◆ **Exercise description**: In the material below, the required lines run from the one containing "Altiva Series - Banner Signages - $8" through the one containing "4819 Bonanza Road, Lake". Copy those lines exactly, ends included, and nothing else.

##### Dataset entries

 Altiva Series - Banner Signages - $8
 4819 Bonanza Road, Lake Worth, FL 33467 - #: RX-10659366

##########
##### Dataset entries

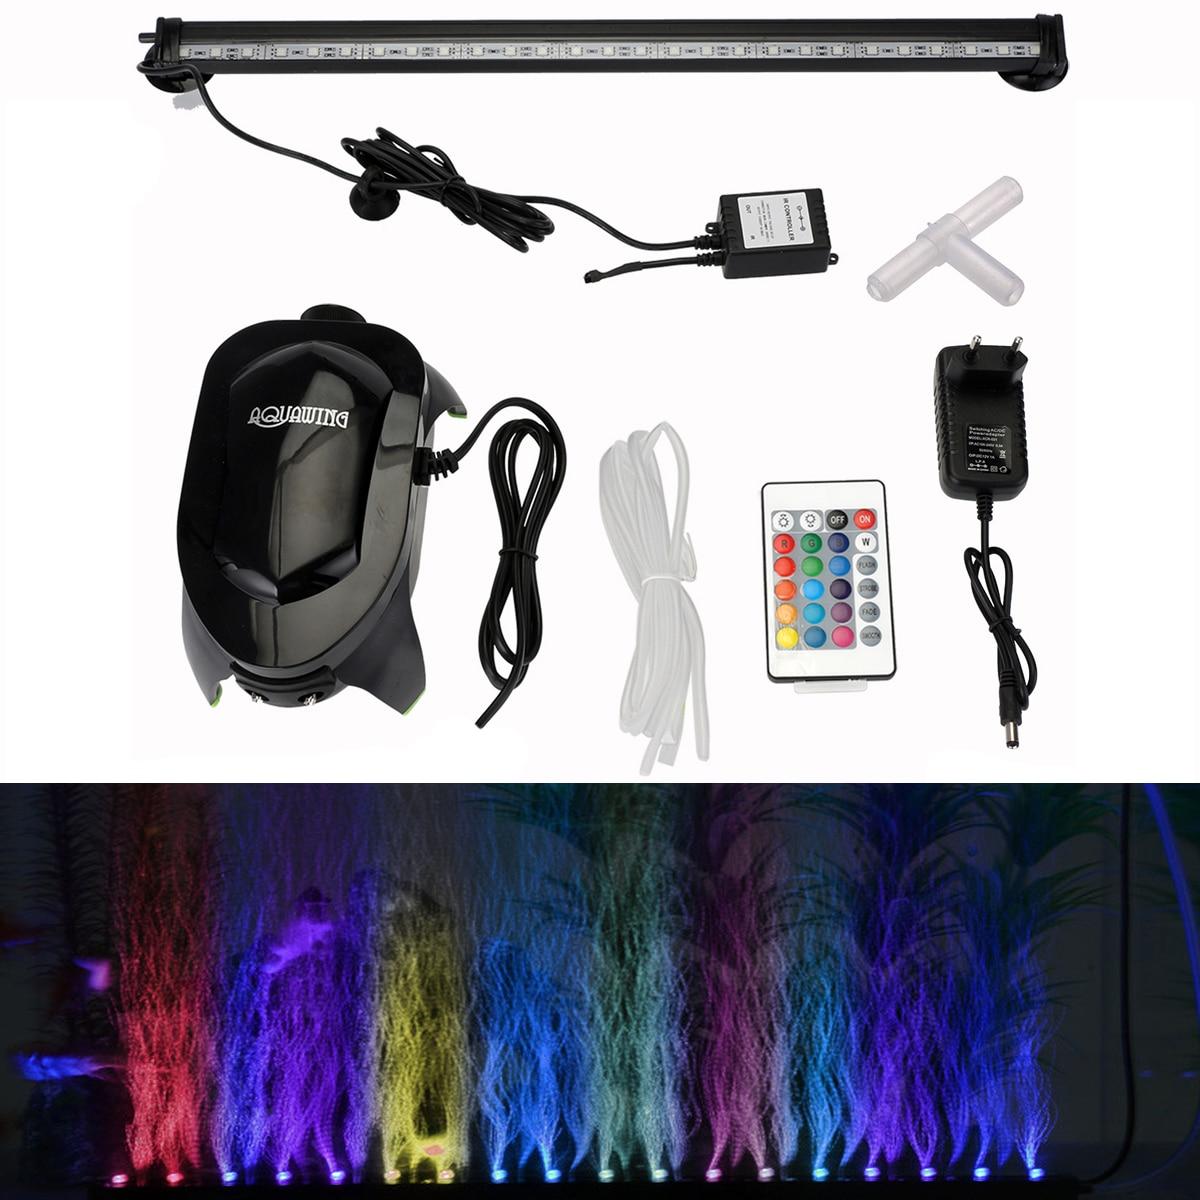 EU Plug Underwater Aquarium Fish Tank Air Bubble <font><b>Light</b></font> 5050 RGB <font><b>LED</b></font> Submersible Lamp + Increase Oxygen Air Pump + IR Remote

##########

◆ **Result of the task**:
 Altiva Series - Banner Signages - $8
 4819 Bonanza Road, Lake Worth, FL 33467 - #: RX-10659366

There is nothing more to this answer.